Regiment of Women
- Paperback cover
- Author: Clemence Dane
- Language: English
- Publication date: 1917
- Publication place: United Kingdom
- Media type: Print
- Pages: 345 pp
- ISBN: 978-0-3132-0582-8
- OCLC: 4260761

= Regiment of Women =

1917 novel by Winifred Ashton

Regiment of Women is the debut novel of Winifred Ashton writing as Clemence Dane. First published in 1917, the novel has gained some notoriety due to its more or less veiled treatment of lesbian relationships inside and outside a school setting. It is said to have inspired Radclyffe Hall to write The Well of Loneliness.

==Title==

"Regiment of women", which means "rule by women", are the final three words of the title of John Knox's polemical The First Blast of the Trumpet Against the Monstruous Regiment of Women (1558).

==Plot outline==

Set in a small town in Edwardian England, Regiment of Women is about the relationship between two teachers at a private (and elitist) girls' school. One of them, Clare Hartill, is in her mid-thirties and runs the school in all but name, the ageing and sickly headmistress depending on her whenever a decision has to be taken concerning the school or any of its pupils. Most of the girls are devoted to Hartill and gladly suffer under her strict but charismatic rule and the loads of homework she sets them, mainly to prove to her and to themselves that they are more academically advanced than she told them they were. Hartill lives alone near the school in a small, old-fashioned flat full of books but without gas or electricity.

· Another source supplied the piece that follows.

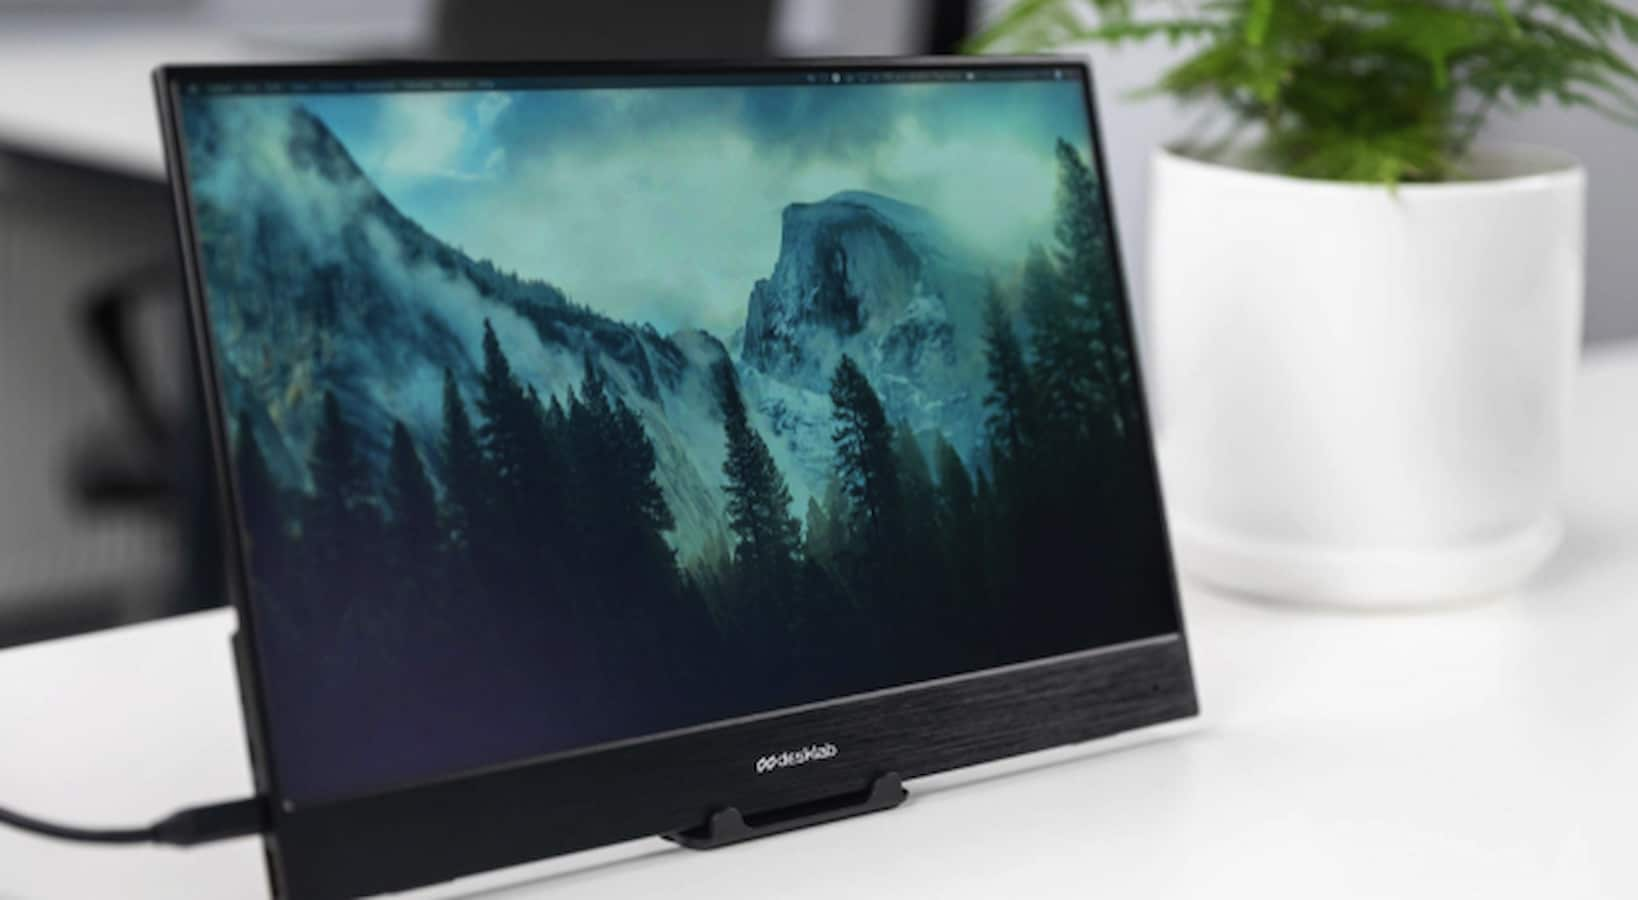 dlab 4k touchscreen monitor
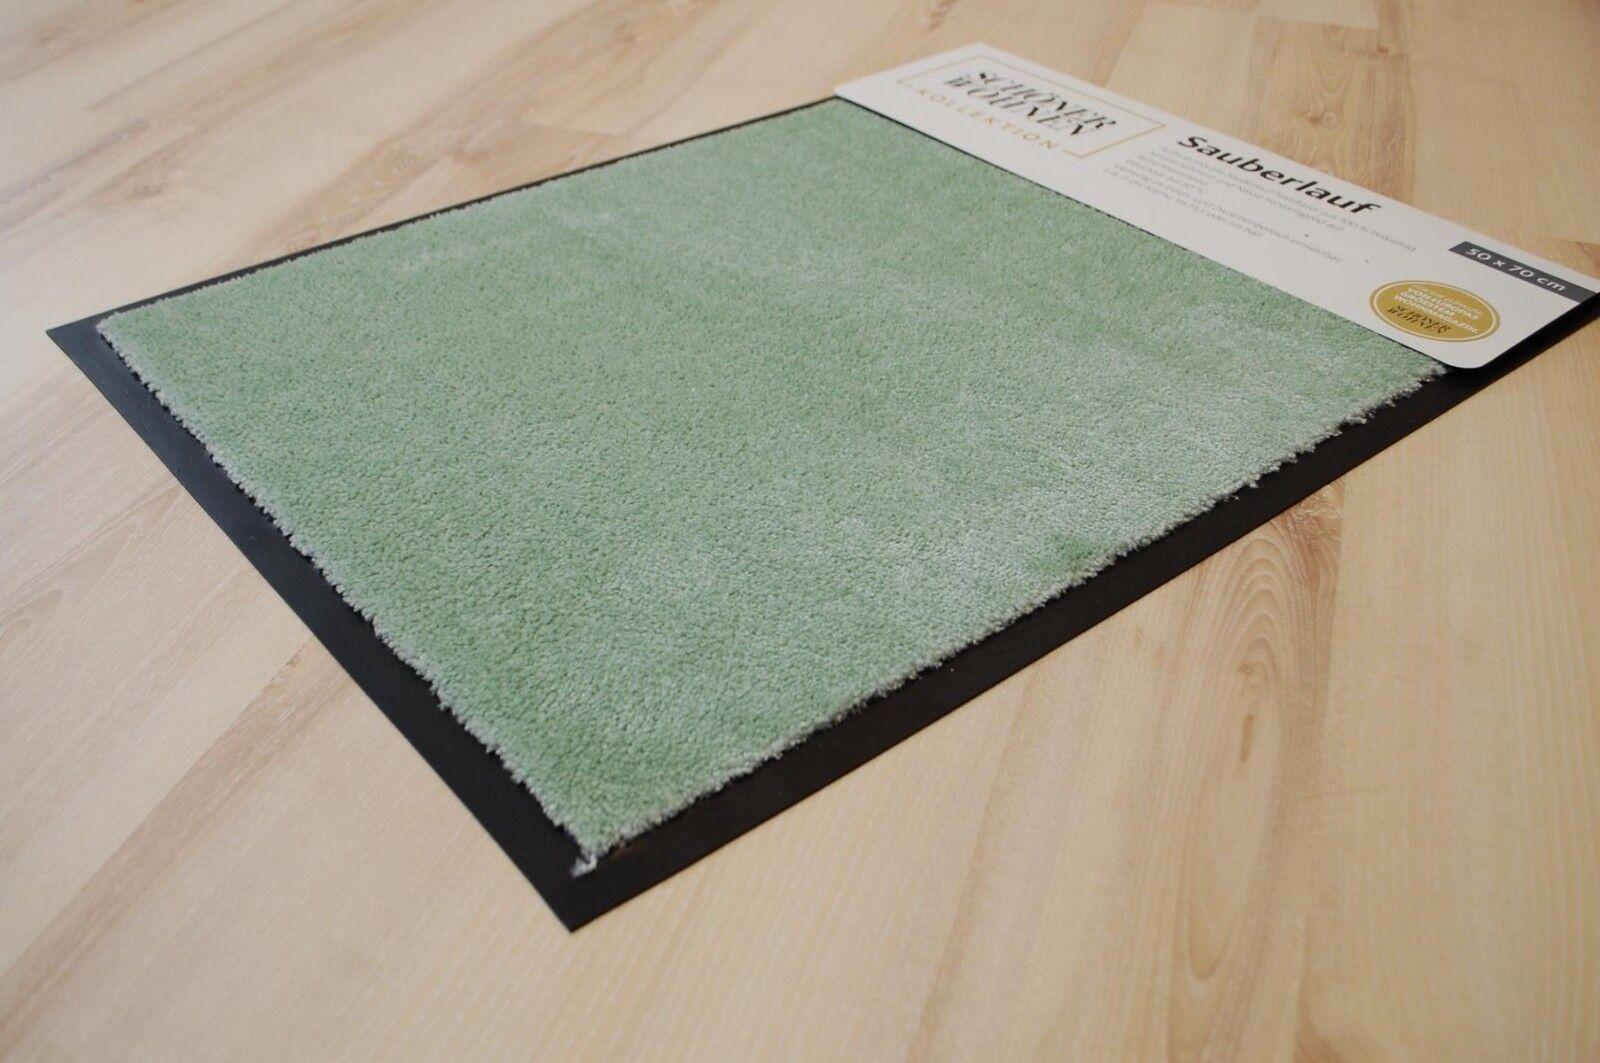 Tappetino bel vivere Miami 1688 UNI 037 MINT 67x100 cm türmatte verde

The other teacher is Alwynne Durand, an attractive nineteen-year-old woman without any formal training who lives with Elsbeth Loveday, her unmarried aunt and guardian. When Durand starts teaching at the school she is immediately popular with her students but also excites Hartill's attention — not just because the young mistress is as enthusiastic about teaching as herself, but also because Hartill is always on the lookout for companionship. The two women become close friends, and Durand spends more and more of her spare time in Hartill's flat, occasionally not returning to her aunt's for days. The couple also travel abroad together during the summer holidays. Although Loveday and Hartill hardly ever meet, a strange kind of antagonism develops between them, each woman fighting to spend more time than they do with Alwynne Durand and to be the dominant person in Alwynne's life.

In the course of the schoolyear one of Hartill's protégées, an unfortunate fourteen-year-old called Louise who has disappointed Hartill by failing an important exam, commits suicide by jumping from an upper floor window of the school building. The suicide is successfully hushed up, pronounced a case of accidental death, and quickly forgotten. What Hartill deliberately fails to mention, however, is that Louise's death, which happened on the night of the school play, was apparently triggered by her harsh criticism of Louise's excellent performance in the play. In the months that follow, Hartill even manages to shift the burden of guilt onto Durand's shoulders, persuading the young mistress that she ought to have detected any suicidal tendencies in Louise while giving her extra lessons.

Hartill's increasingly bizarre and offensive behaviour and her naive niece's growing dependence on her older friend call Elsbeth Loveday to action. When, on top of her shattered nerves, Alwynne Durand comes down with the flu, Loveday insists on her not returning to school for the rest of the term and on recuperating from her illness in the country instead. Alwynne agrees, if reluctantly at first, to spend some time with distant relatives she has never met before. The idyllic spring landscape she encounters after leaving town actually soothes her nerves, and Alwynne grows more and more fond of country life and the people she meets in her new surroundings.

But Elsbeth Loveday's scheme includes more than her niece's mere convalescence. As planned by her aunt, Alwynne Durand finds a confidant, and secret admirer, in thirty-year-old Roger Lumsden, a good-hearted, intelligent and handsome man who runs his own gardening business. Completely inexperienced with men except for what she has read in novels, Alwynne does not recognise her feelings for Lumsden as love, and she still looks forward to her reunion with Hartill. When she eventually returns to her home town, Lumsden follows her, proposes to her, and, naturally, is rejected. Only when Hartill, too sure of her seemingly inseparable bond with Alwynne, continues treating her badly does Alwynne wake up to reality. She sends Hartill a telegram telling her she has taken the train to the country in order to get married.